The Senate yesterday approved stricter limitations on the use of taxpayer funds for "franked," or free postage, mail and told a House-Senate conference committee to reduce by 5 percent the $2.2 billion it authorized for the operations of the House, Senate and congressional agencies.
The Senate voted to exempt the Library of Congress from the reduction.
After more than eight hours of debate that began Wednesday, the Senate voted 72 to 24 to approve its version of a legislative appropriations bill for fiscal 1991.
The House version of the appropriations bill calls on the conference to reduce the overall total by 2 percent, setting the stage for a potentially difficult session to iron out the differences in the House and Senate versions.
The appropriations bill has become politically sensitive because it pays for the operation of Congress at a time when many voters seem discontent with incumbents.

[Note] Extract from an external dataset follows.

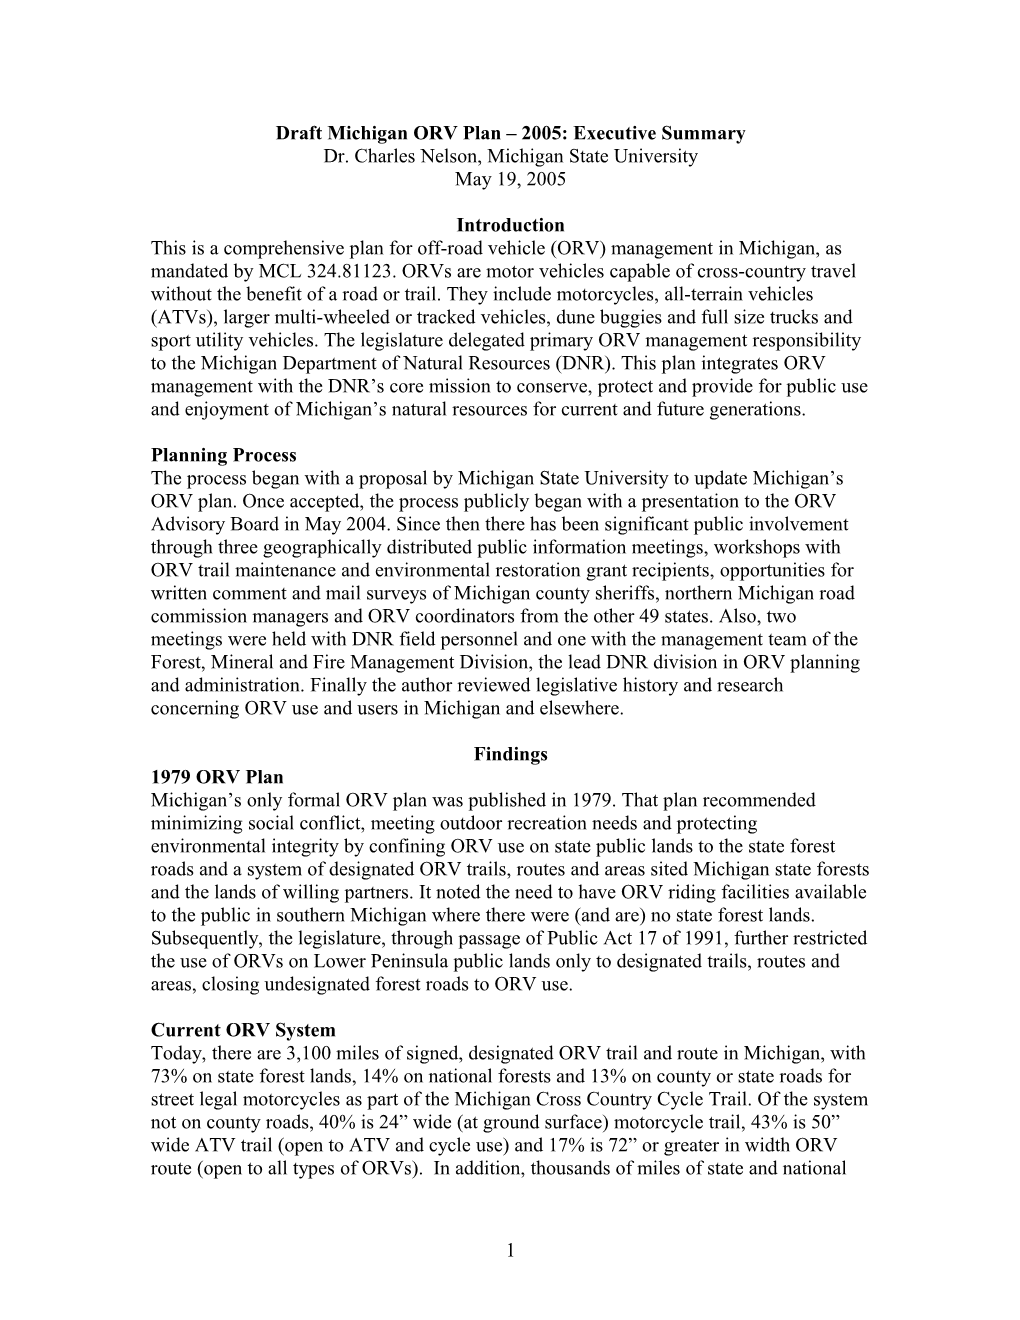 Draft ORV Plan 2005 Executive Summary

Rep. Vic Fazio (D-Calif.), chairman of the House Appropriations subcommittee on legislative branch appropriations who will lead that body's conferees, reacted to the Senate version by saying that "the two percent cut will apply to the House accounts and the five percent will apply to the Senate," an aide said yesterday.
On the increasingly controversial issue of free mail, the Senate approved an amendment by Sen. Don Nickles (R-Okla.), the ranking minority member on the Senate Appropriations legislative subcommittee, to boost the overall franking allowance for the 100 senators to $30 million from last year's $24 million, but the amount is less than the $35.5 million recommended by the Senate Appropriations Committee.
The Senate also voted 50 to 44 to end the practice by which one senator transfers unused mail funds to another senator, usually one up for reelection.
The amendment, also from Nickles, prevailed in part with the votes of five Democrats up for reelection: Sens. Tom Harkin (D-Iowa), Carl Levin (D-Mich.), J. James Exon (D-Neb.), Joseph R. Biden (D-Del.) and John F. Kerry (D-Mass.). Nearly all Republicans backed Nickles.
Another conflict between the two bodies is expected over a House provision that would prohibit members of either body from using personal or political campaign funds to supplement official expense allowances.
Senators now are permitted to use their own or campaign funds for such things as additional staff, mailings and, most frequently, the cost of television tapes and transmission from the Senate television studio.
The Senate bill calls for a year's delay on the prohibition, which is aleady a House rule, so that its impact could be assessed.